Bank of America to buy Countrywide
WASHINGTON (AP) - June 5, 2008 The Fed board approved the deal in a 32-page order issued
Thursday. Countrywide had said previously that it will hold a
special meeting of shareholders on June 25 to approve the proposed
sale.
In its order, the Fed board said that after the proposed deal
Bank of America would remain the largest depository institution in
the country, controlling approximately $773.4 billion in deposits,
which represent 10.9 percent of total insured bank deposits in the
country.
When the deal was first announced in January, Bank of America
said it would pay about $4 billion in an all-stock deal for
Countrywide, exchanging 0.1822 shares of Bank of America for each
share of Countrywide outstanding.
In recent months, some analysts have speculated that the deal
may be completed at a lower price because of further deterioration
in the mortgage market and a continued rise in mortgage
delinquencies and defaults.
Experts have said that the deterioration of the mortgage market
and Countrywide's loan portfolio could lead to costly write-downs
and create a drag on Bank of America's earnings.
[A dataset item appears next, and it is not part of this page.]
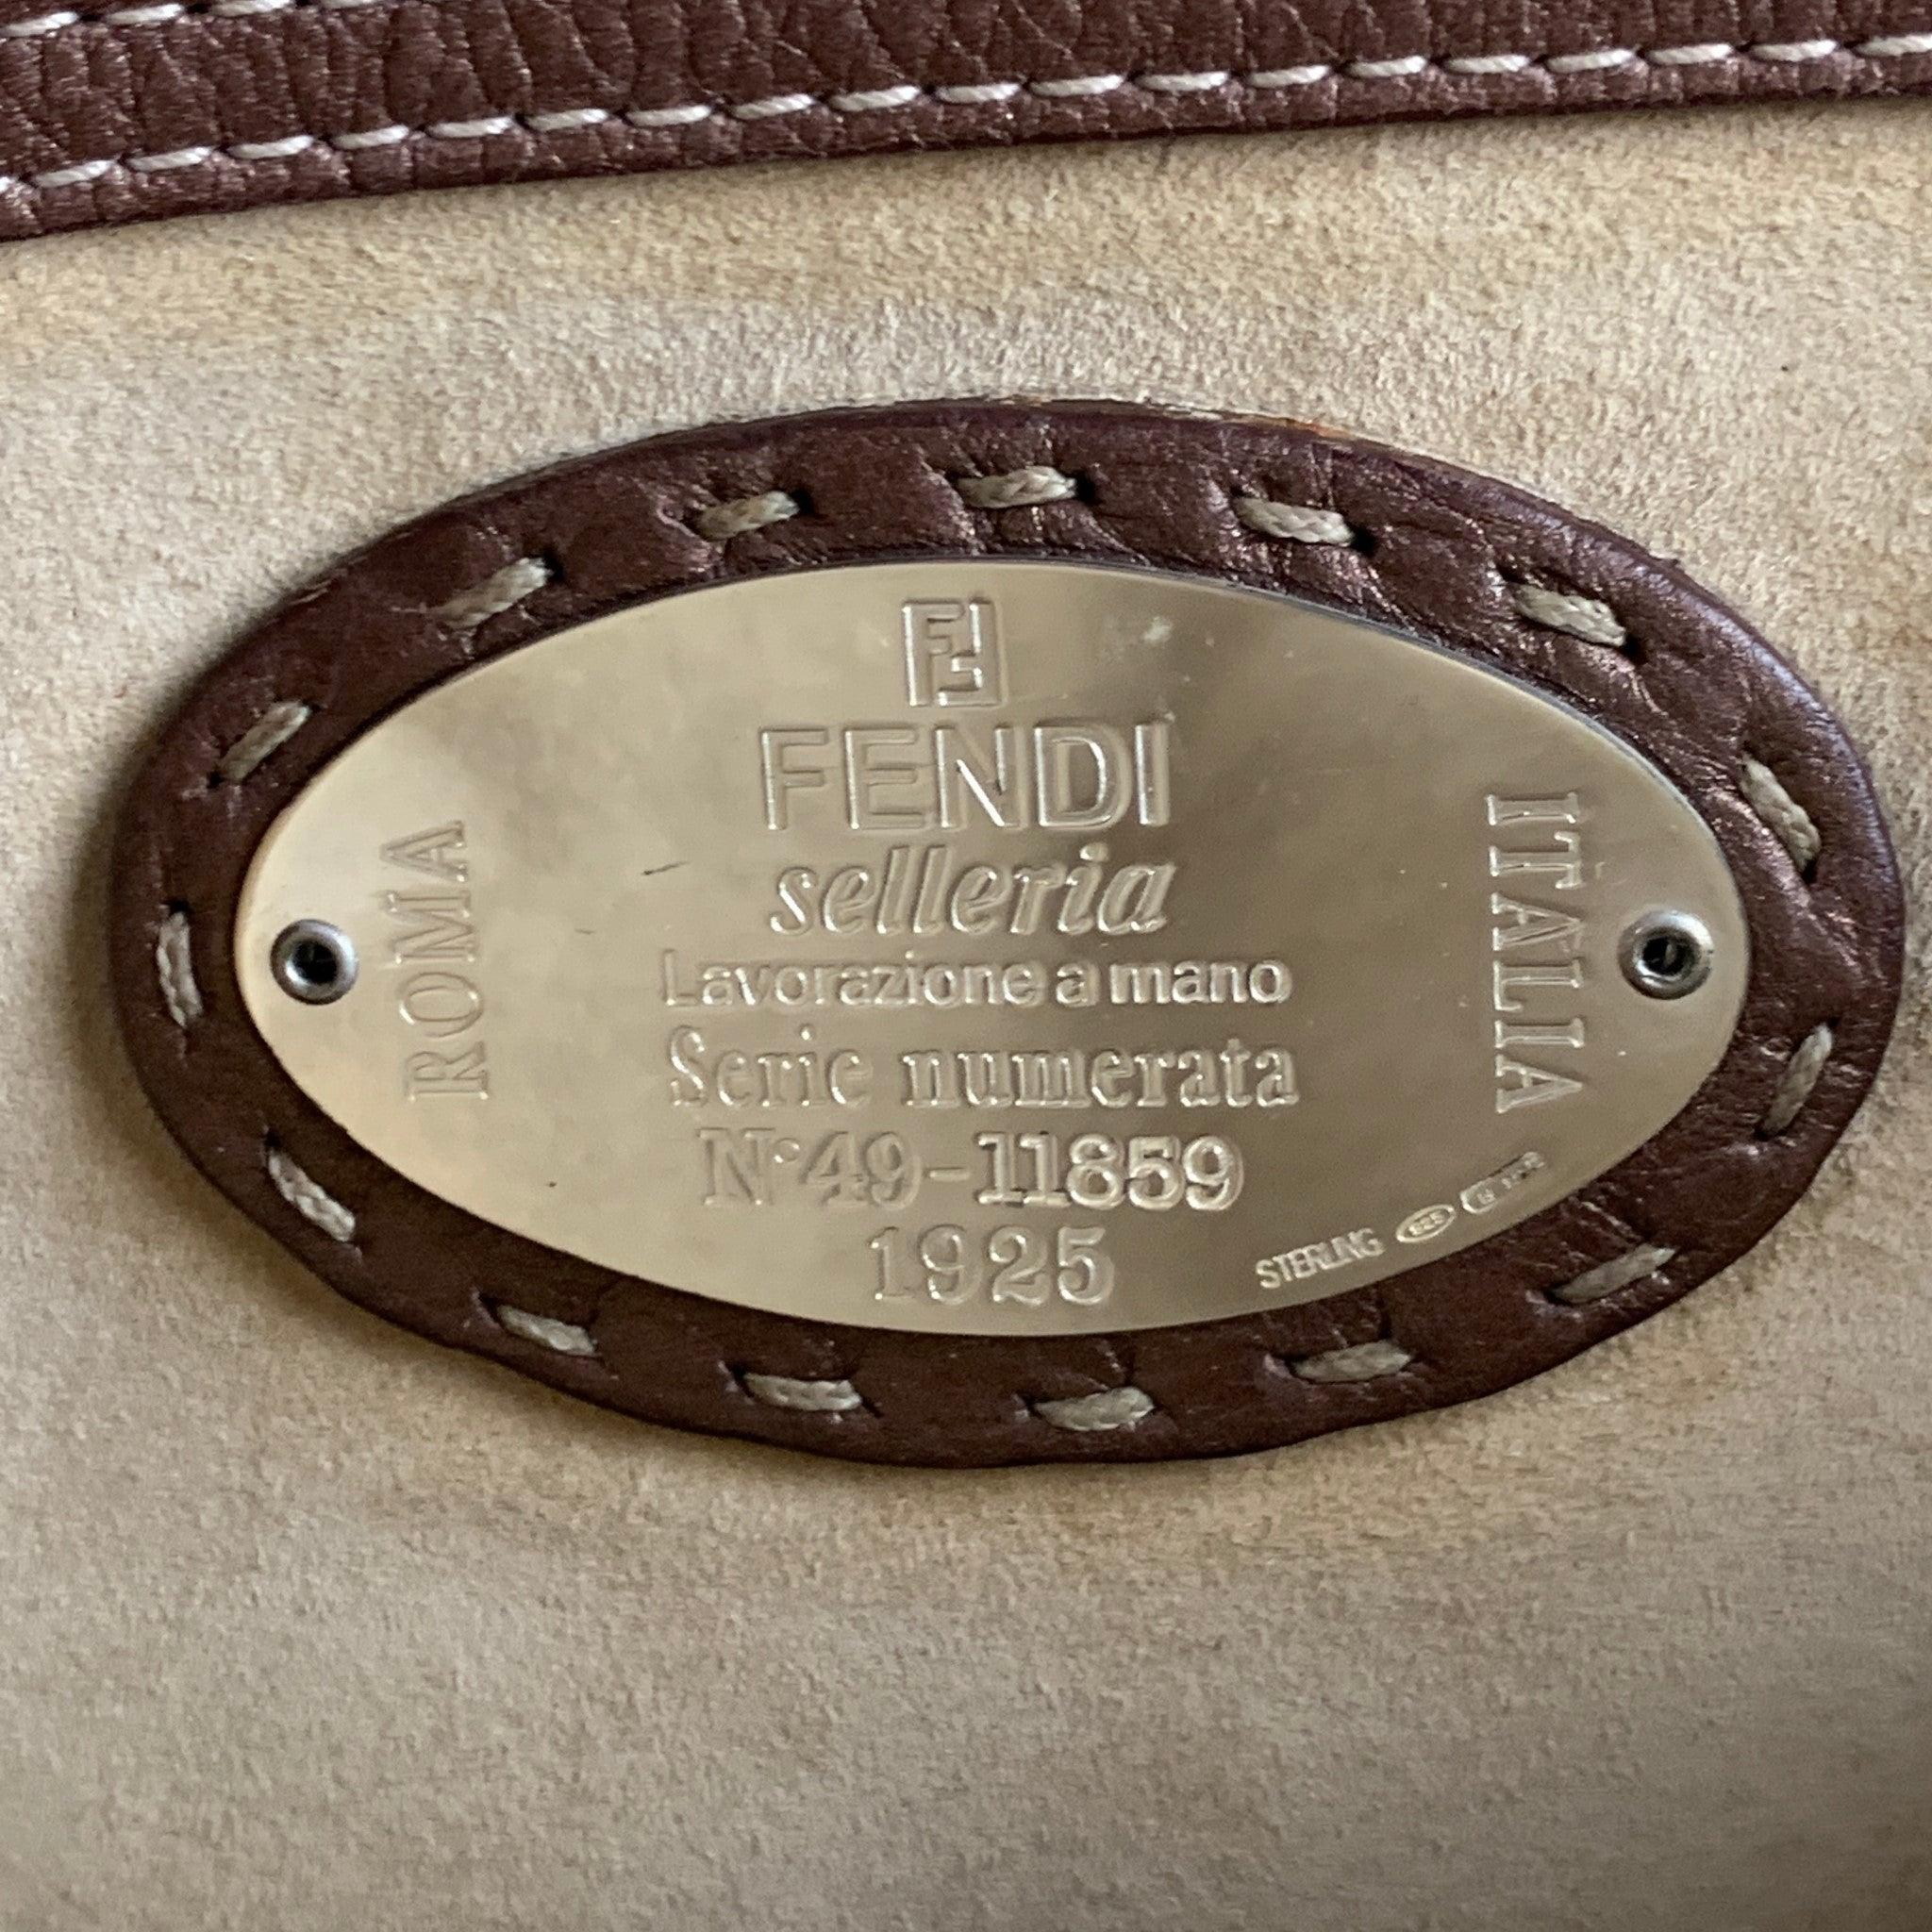 FENDI SELLERIA N49-11859 Copper Contrast Stitch Pebble Grain Leather Handbag For Sale 2
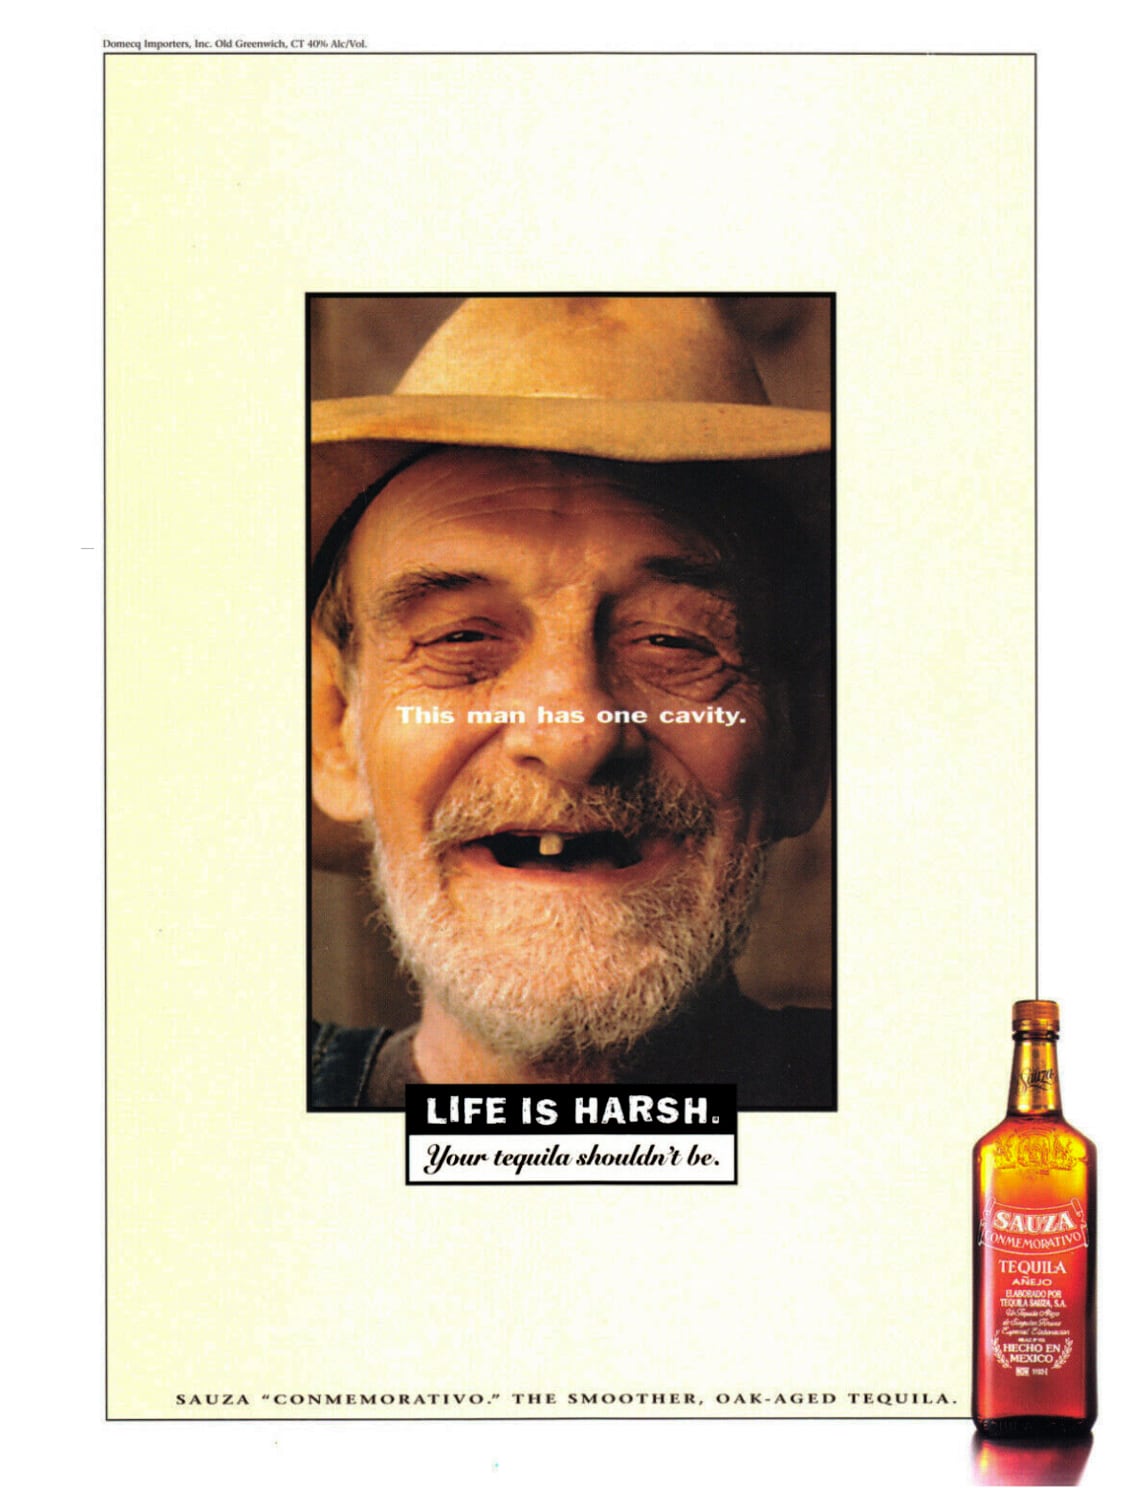 1997 Print Ad for Sauza Conmemarativo.

But on Monday, Ken Lewis, the chief executive of Bank of
America, told analysts on a conference call that he believed buying
Countrywide was still a good deal even though the housing market
had continued to falter since the deal was announced.
Lewis said he believed that housing conditions would improve by
early next year. He said that Countrywide and its professional
sales force would give the bank a boost as it pushes to increase
market share in the mortgage sector.
In a statement commenting on the Fed decision, Bank of America
said that it expected the sale to close in the July-September
quarter.
"This transaction represents a rare opportunity for Bank of
America to significantly gain market share in the mortgage
business, allowing it to expand in a cornerstone financial
product," Lewis said in a statement.